I'm pretty prescriptivist when it comes to grammar, but I also think that "data" should be referred to in the way you describe, and for those reasons. When people say "data" they generally mean "dataset", which is unambiguously singular. It just doesn't make sense to say "dataset" when "data" will do.

I would argue that prescriptivism in English still refers solely to English. The idea that since data is plural in Latin, it must also be plural in English doesn't follow for me. Plenty of words change plurality when being taken into another language, e.g.

* Laos is plural in French but singular in English.

* Cherise is singular in French, but was rebracketed as a plural in English (and then transformed to cherry as the singular).


Wow, super interesting. Apparently that is called "back-formation", and applies to other words like "caper", "pea", and "burgle" (from "burglar"). [1]

1: https://en.wikipedia.org/wiki/Back-formation


"Data" as a grammatic plural seems to be more common in UK english than US.
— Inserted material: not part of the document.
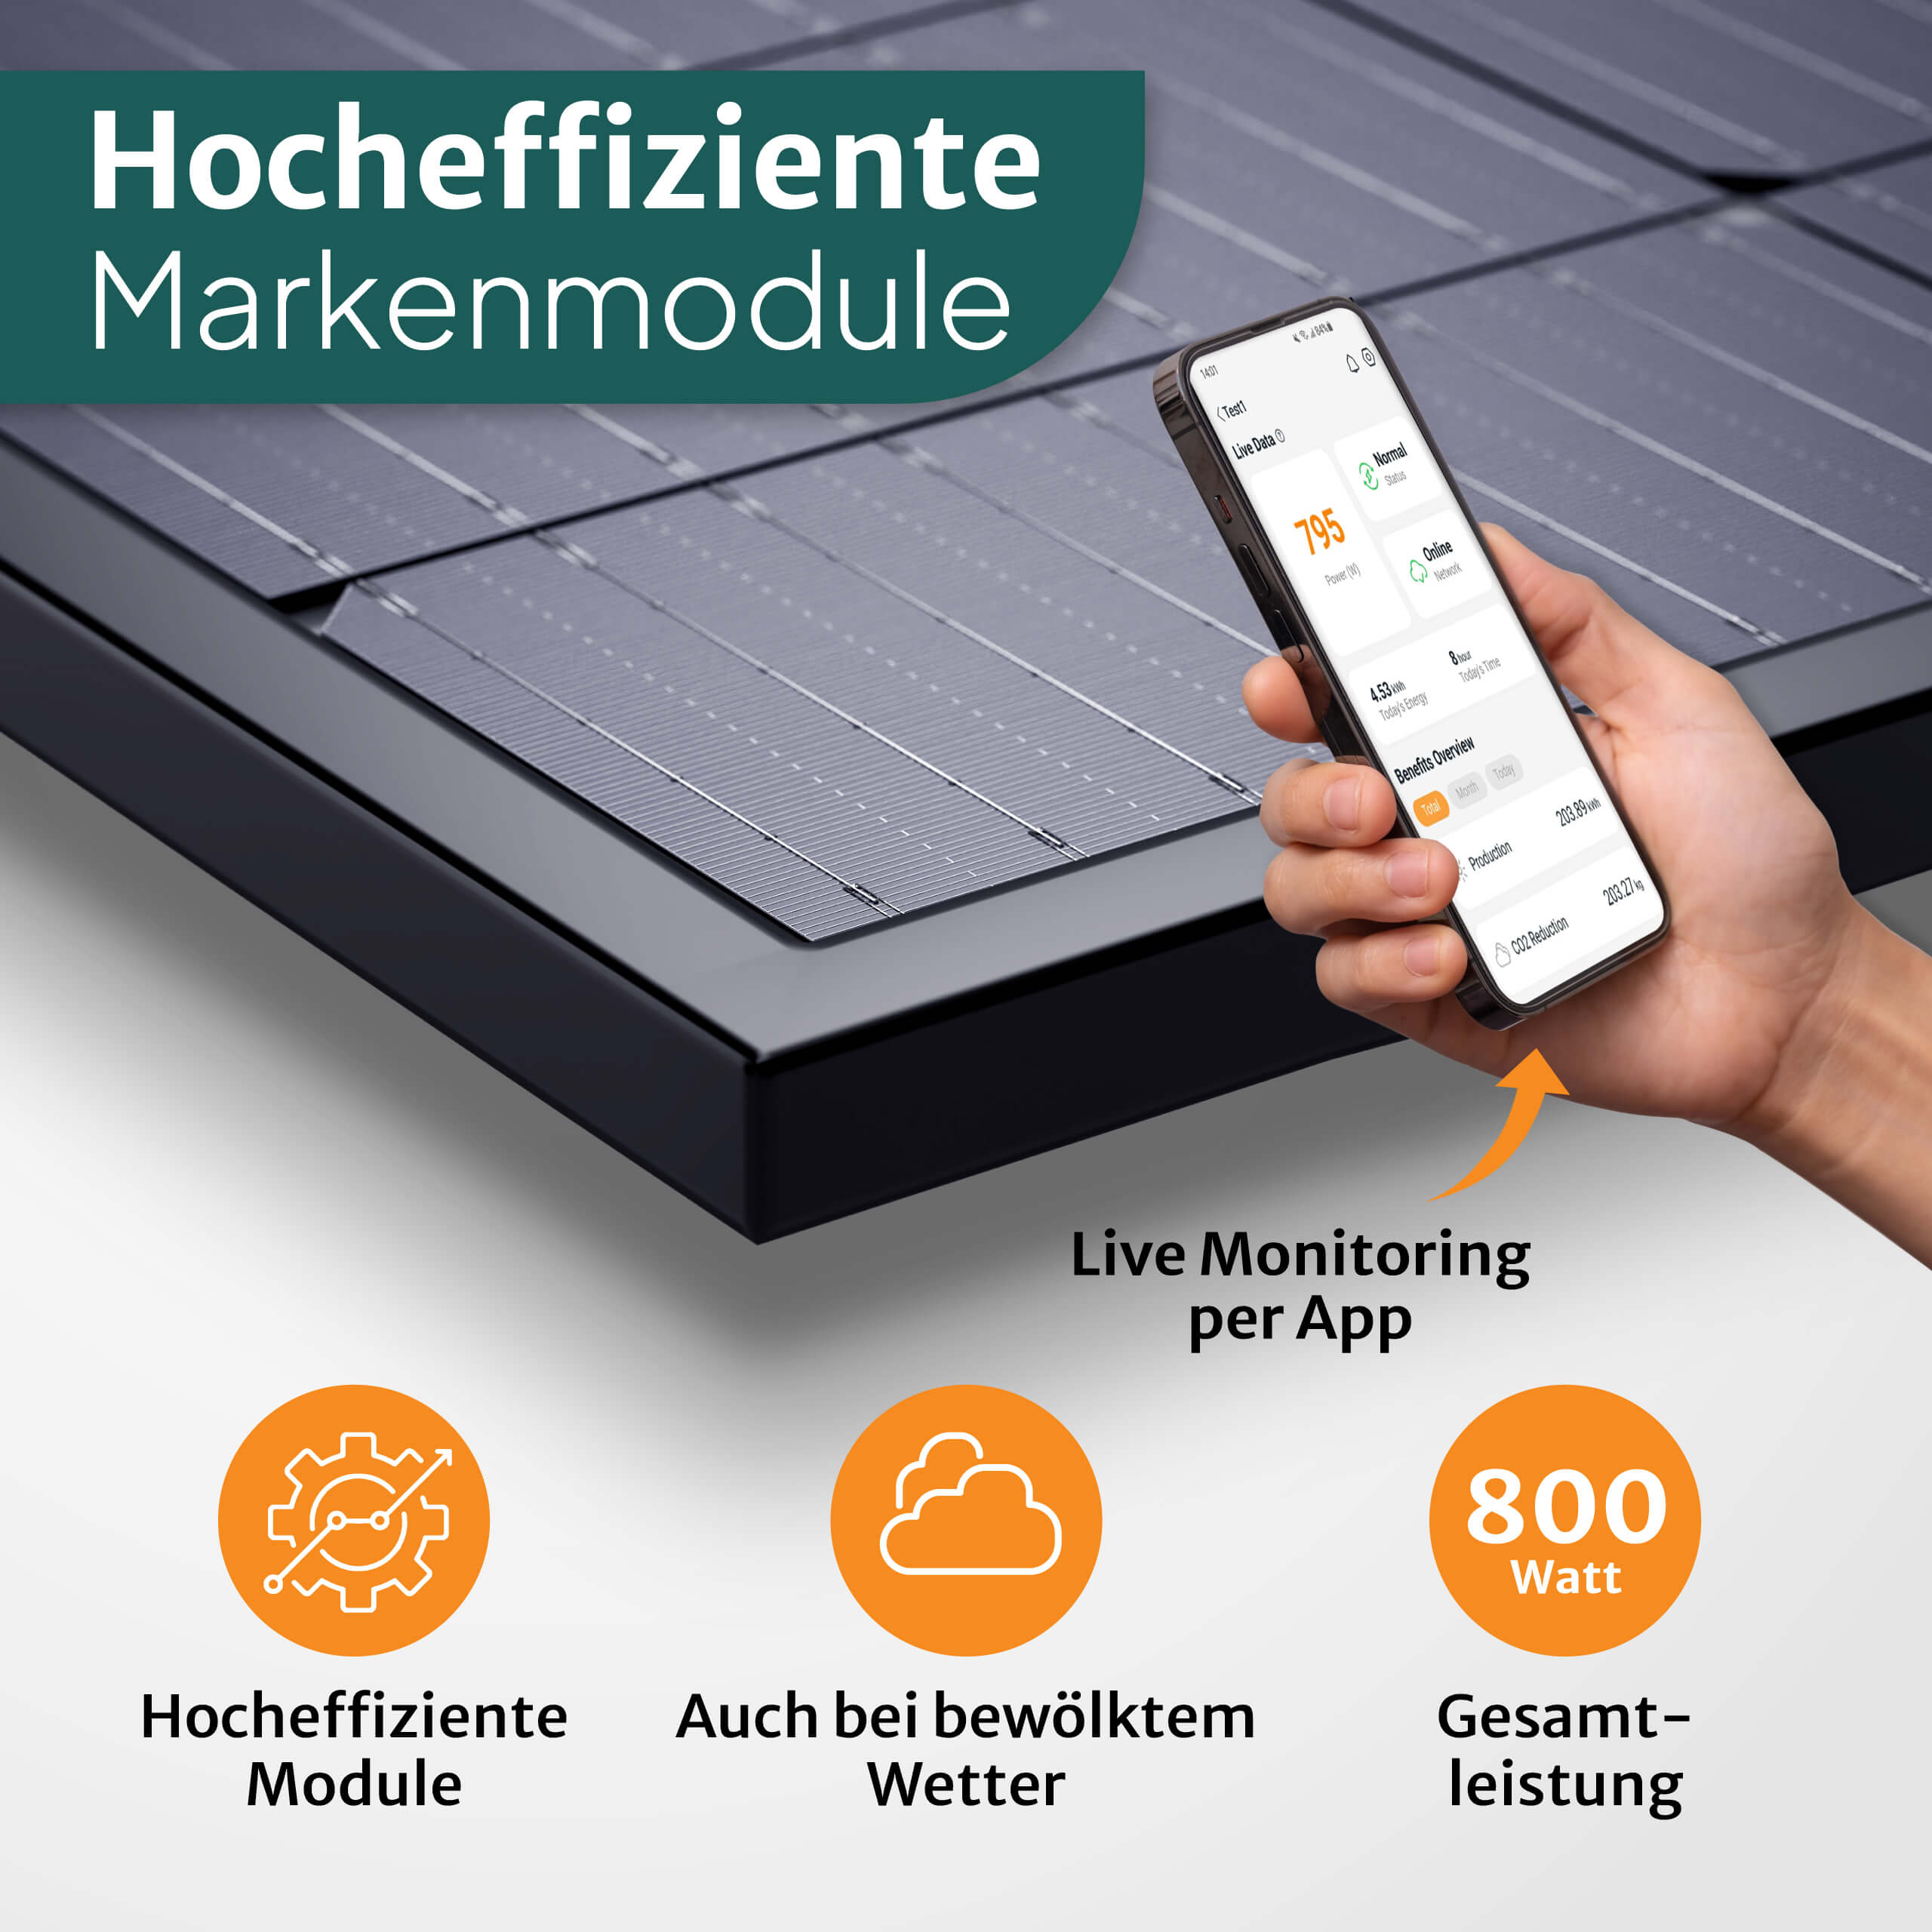 Speicher 850W Balkon-Solaranlage Flachdach-Halterung 1kWh - Batterie Kabel STROMGANZEINFACH 15m inkl. mit

I think the way to properly pluralize it is by adding a unit, the same way we'd do with words like "information" (bits of information), "work" (Joules of work), or other meta/physical quantities (rays of sunshine, pangs of heartache, etc.).


What gives you the idea that data is singular? And then what is datum?

Ya, what is a datum? Is that like a piece of data?

I've heard that data is actually supposed to be plural, but that "correct" usage is so far outside of my experience that it just seems weird and confusing.

The one I actually find annoying though is when people use "an" before a word that starts with a (pronounced) h, like "an historic building". It's like, dude, I know you're trying to seem all smart and superior and it isn't working. (Of course, if they said it with a french accent and a silent h that would make more sense.)


> The one I actually find annoying though is when people use "an" before a word that starts with a (pronounced) h, like "an historic building". It's like, dude, I know you're trying to seem all smart and superior and it isn't working. (Of course, if they said it with a french accent and a silent h that would make more sense.)

This is something that has puzzled me as well. My wife, a historian (not "an historian!") will write this way, and when I've asked her about it she says it's just the proper way. When I looked into the history of it, I concluded that it probably made sense for the British (who say "historian" with a somewhat silent "H"), and probably for early Americans. But for those of us who speak Standard American English, it seems somewhere between unnecessary and stuffy.

I wonder how spell checking software deal with this? IIRC it's an exception for words starting with "H" where there emphasis is not on the first syllable (which would result in the "H" being enunciated).


I don't know for sure, but I suspect (in keeping with the fetishization of Latin that motivates many prescriptivist rules, like the injunction to never split an infinitive) that this arises from Ancient Greek[0], wherein there is not a separate letter "H" but rather a modification ("breath", if I remember rightly?) on the vowel. If you (mis)apply this rule to English, "hospital" starts with a vowel.

[0] this might be true in Modern Greek as well, I don't know - but English professors don't have such a raging boner for the modern version.


> like the injunction to never split an infinitive

Whoa, whoa, I believe you mean "the injunction never to split an infinitive"! /s



How do you pronounce the sentence

“This is a historic building”

out loud? I don’t pronounce the h. I propose we start writing it as “an ‘istoric” to correct the mismatch.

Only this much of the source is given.